Their structures are similar: both have a ‘legal’/’policies’ layer; the ‘technical’ layer of the EIF is divided into a ‘syntactic’ and a ‘transport’ layer in the ISO standard; the ‘organizational’ layer of the EIF is called ‘behavior’ in the ISO model; and both have a ‘semantics’ layer.
The Dataspace Protocol is aimed at the technical layer: Am I technically able to communicate with the other party? In the ISO model, the technical layer is split in two: transport and syntactic layers. Do I have the same transport protocol, and do I have the same syntactic model on top of that? Peter states, ‘We are referring to the EIF model here because it bundles the two into one technical layer, and that is where we see the Dataspace Protocol.’

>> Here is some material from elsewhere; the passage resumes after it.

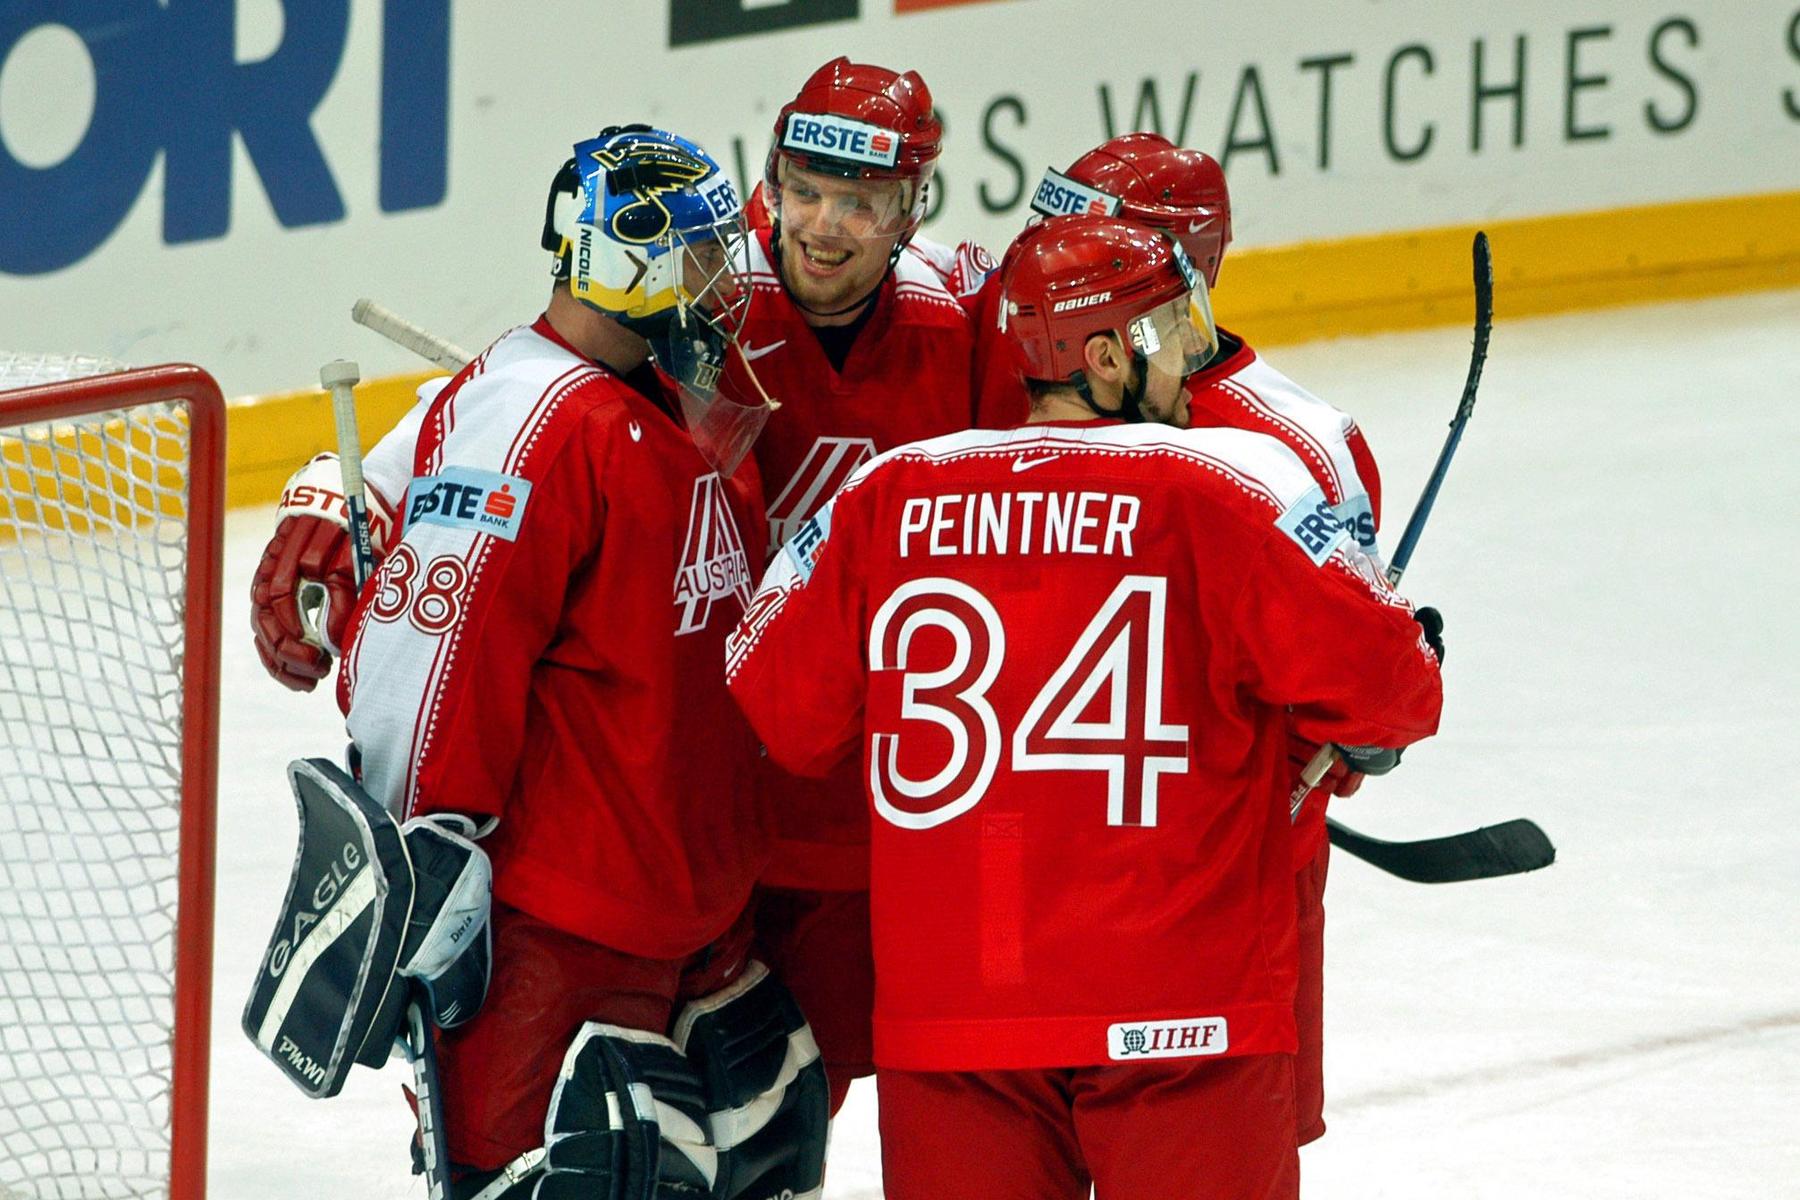 Eishockey-WM-Held von 2004: Thomas Pöck: „Österreicher haben wie Kanadier gespielt“

Layers of Interoperability
The interoperability standards are mapped at IDSA. For the legal layer, questions to be answered are: Do I have legal building blocks I could use for data contract policies, for usage policies? Are contractual statements legally equivalent? These questions are worked on in the IDSA Taskforce Legal. The organizational layer is about business procedures: How does a participant join a data space? What are the responsibilities of the Dataspace Authority within the data space? What is the process of agreeing on trust? Those are the things worked on in the IDSA Working Group Rulebook.
At the semantic layer, the question is whether the policies and attributes used to create trust in a data space are interoperable between two data space authorities. This includes semantic models in those data spaces. If we look at data spaces like Catena-X and SCSN, for example, there are industrial semantic models that need to be interoperable between those data spaces.

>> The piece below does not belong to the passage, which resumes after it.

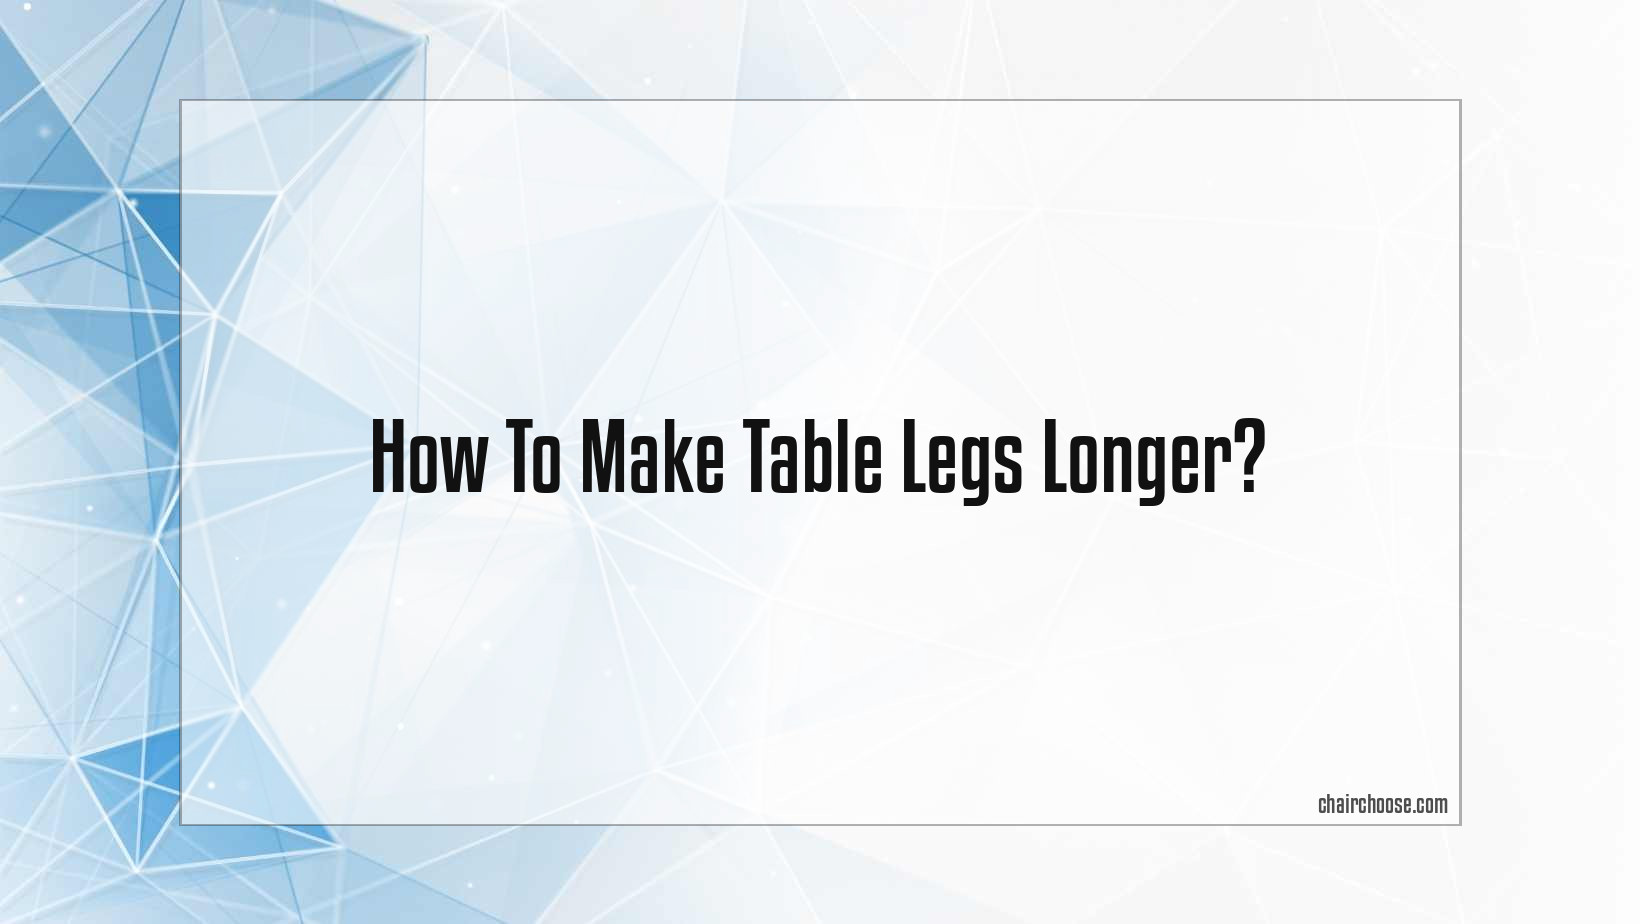 how to make table legs longer

Minimum standard of communication
As said above, the layer addressed by the protocol is the technical layer. How do we communicate with different connectors from different frameworks, different services? “That is where the Dataspace Protocol is created, to define the minimum standard of communication so that everybody who is proficient in the Dataspace Protocol is able to communicate with other connectors, even if those other connectors are adding features, semantic models, or business procedures,” Peter emphasizes. “The Dataspace Protocol will always be the minimum layer for data discovery and data contract negotiation.”
Peter is also contributing to an open source project, the Eclipse Dataspace Components (EDC), which is aiming at providing a framework that acts as a reference implementation of the protocol so that products and services that are built on top of the Eclipse Dataspace Components framework are automatically implementing the Dataspace Protocol correctly and are thus compatible with each other by using this protocol through the EDC. It is a great achievement and a big step towards more and easier data sharing for many.